The 1998 amendments made several changes to the disclosure requirements. Among these changes were the addition of two crimes (Arson and Negligent Manslaughter) and three locations (resident halls, non-campus buildings or property not geographically contiguous to the campus, and public property immediately adjacent to a facility that is owned or operated by the institution for education purposes) that schools must include in the reported statistics. Institutions that have a campus police or security department are required to maintain a daily crime log that is available to the public.

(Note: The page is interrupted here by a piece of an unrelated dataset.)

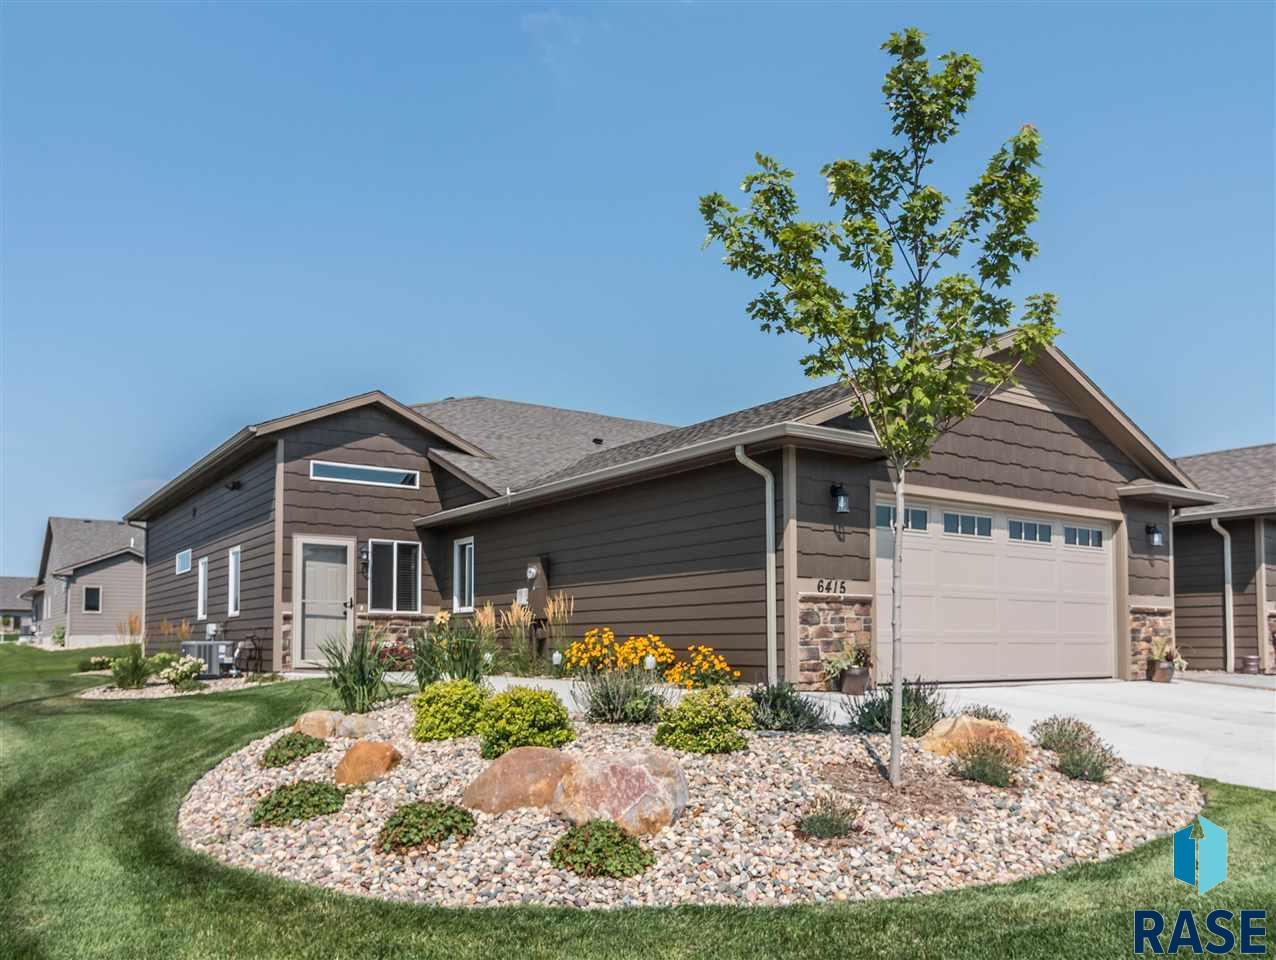 6415 Keller Cir, Sioux Falls, SD 57108

The Clery Act was also amended in October 2000 by the Campus Sex Crimes Prevention Act (Section 1601 of Public Law 106-386). The changes went into effect on Oct. 28, 2002. Beginning in 2003, institutions are required to notify the campus community where law enforcement agency information provided by a state concerning registered sex offenders who are on campus may be obtained.
Recent Changes
Most recently, on March 7, 2013, President Obama signed the Violence Against Women Reauthorization Act of 2013 (VAWA) (Public Law 113-4), which, among other provisions, amended section 485(f) of the Higher Education Act of 965, as amended (HEA), otherwise known as the Jeanne Clery Disclosure of Campus Security Policy and Campus Crime Statistics Act. The Clery Act requires institutions of higher education to comply with certain campus safety and security related requirements as a condition of participating in the Federal student financial aid programs authorized by Title IV of the HEA. Notably, VAWA amended the Clery Act to require institutions to compile statistics of domestic violence, dating violence, exual assault, and stalking and to include certain policies, procedures, and programs pertaining to these incidents in their annual security reports (ASRs).
The first ASR that must include this new information is the one that institutions must provide to students, employees, and prospective students and employees by October 1, 2014. The U.S. Department of Education (Department) published a Notice of Proposed Rule-making including draft regulations that would implement the VAWA changes on June 20, 2014, and expects to publish final regulations by November 1, 2014. Noting this gap, in July 2014, a Dear Colleague Letter GEN-14-13 explaining that institutions must make a good-faith effort to comply with the statutory provisions until the Department has completed the rule-making process and the final regulations have gone into effect.